Attack impact on rides in the city

So far, we have studied the impact of the disinformation attack on the streets across the city, showing that some streets experience increased traffic, while others experience lighter traffic. However, we still do not know the distribution of the delays (i.e., the additional ride time) experienced by the individual drivers. We address this point taking into consideration two complementary scenarios: one where the goal of the adversary is to disrupt traffic globally, and another where the goal is to disrupt traffic locally. For the former, we will consider the divergence attack where the greedy heuristic is not constrained to any particular neighborhood. As for the latter, we will consider the convergence attack, which inherently focuses on a particular neighborhood of interest.

Figure 3
figure 3

Impact on rides across the city. (a) Given varying disinformation follow-through rates (indicated in bold), the distribution of the additional ride time experienced by drivers after a divergence attack on 10 targets across the city, chosen either by our greedy heuristic or at random. (b) The same as (a) but for convergence attacks. The inset depicts the same distribution but instead of considering all rides, it considers only those that do not pass within 1 km of the target location. All results are shown as an average over 100 simulations.
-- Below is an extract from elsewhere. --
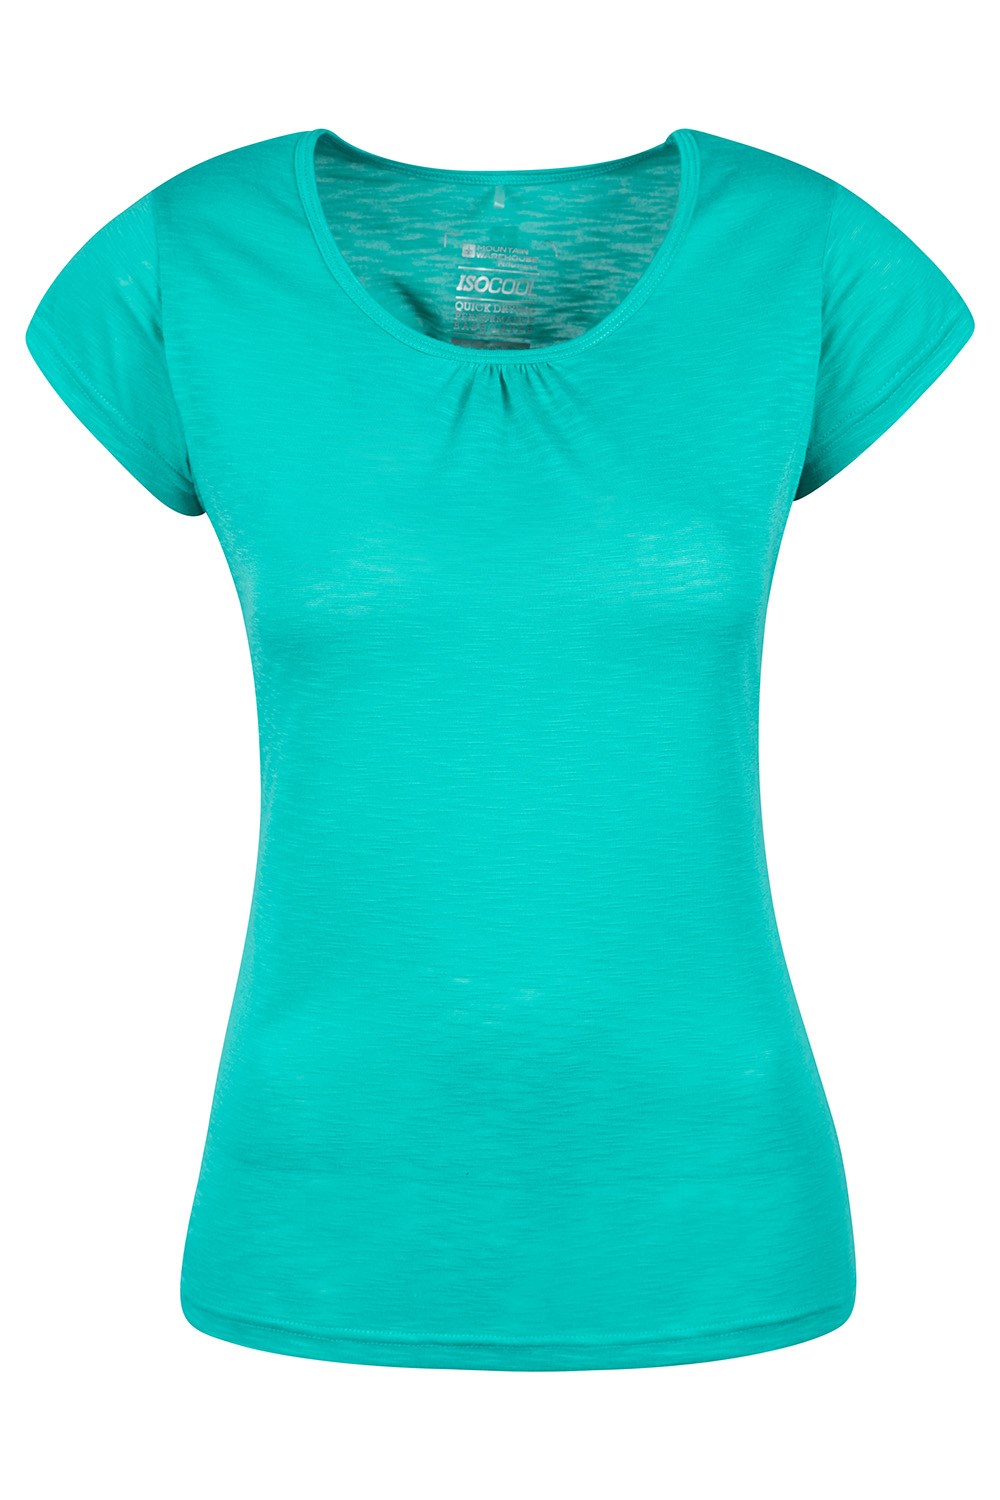 Senderismo y Uso Informal Mountain Warehouse Agra Camiseta para Mujer Secado rápido para Deportes al Aire Libre de Verano Transpirable Absorbente Ligera

Starting with the divergence attack, we plot this distribution considering 10 targets chosen by our greedy heuristic while varying the follow-through rate; see Fig. 3a. As a baseline, we also depict the impact caused by a random attack, i.e., a scenario where the adversary chooses the targets randomly. There are three observations that can be gleaned from these distributions. First, regardless of the type of the attack and the follow-through rate, the ride time increases for some drivers and decreases for others. This might be surprising at first glance, as one would expect the removal of edges from a road network to only have a negative impact on travel time. This, however, is not always true, due to what is known as Braess’ paradox46, a phenomenon where the removal of some streets from a network has the counter-intuitive effect of reducing the ride times for some drivers; there is theoretical47 and empirical48 evidence suggesting that this phenomenon is not uncommon. Second, increasing the follow-through rate increases the variance of the time-delay distributions, with more vehicles experiencing longer delays. For instance, when the follow-through rate is 25%, around 1100 rides suffer a delay of 60 min or more. However, when the follow-through rate is increased to 75%, this number increases to about 29,300. Third, regardless of the follow-through rate, the distribution tends to be skewed to the left in the case of the greedy heuristic, and to the right in the case of the random attack. For example, given a follow-through rate of 50%, the greedy heuristic results in 9.28% of the drivers experiencing a delay, and 7.33% a speed up of their journeys. However, for the random attack, 5.49% experience a delay while 5.57% experience a speed up. This underscores the importance of the strategy that the adversary uses to select targets of a divergence attack.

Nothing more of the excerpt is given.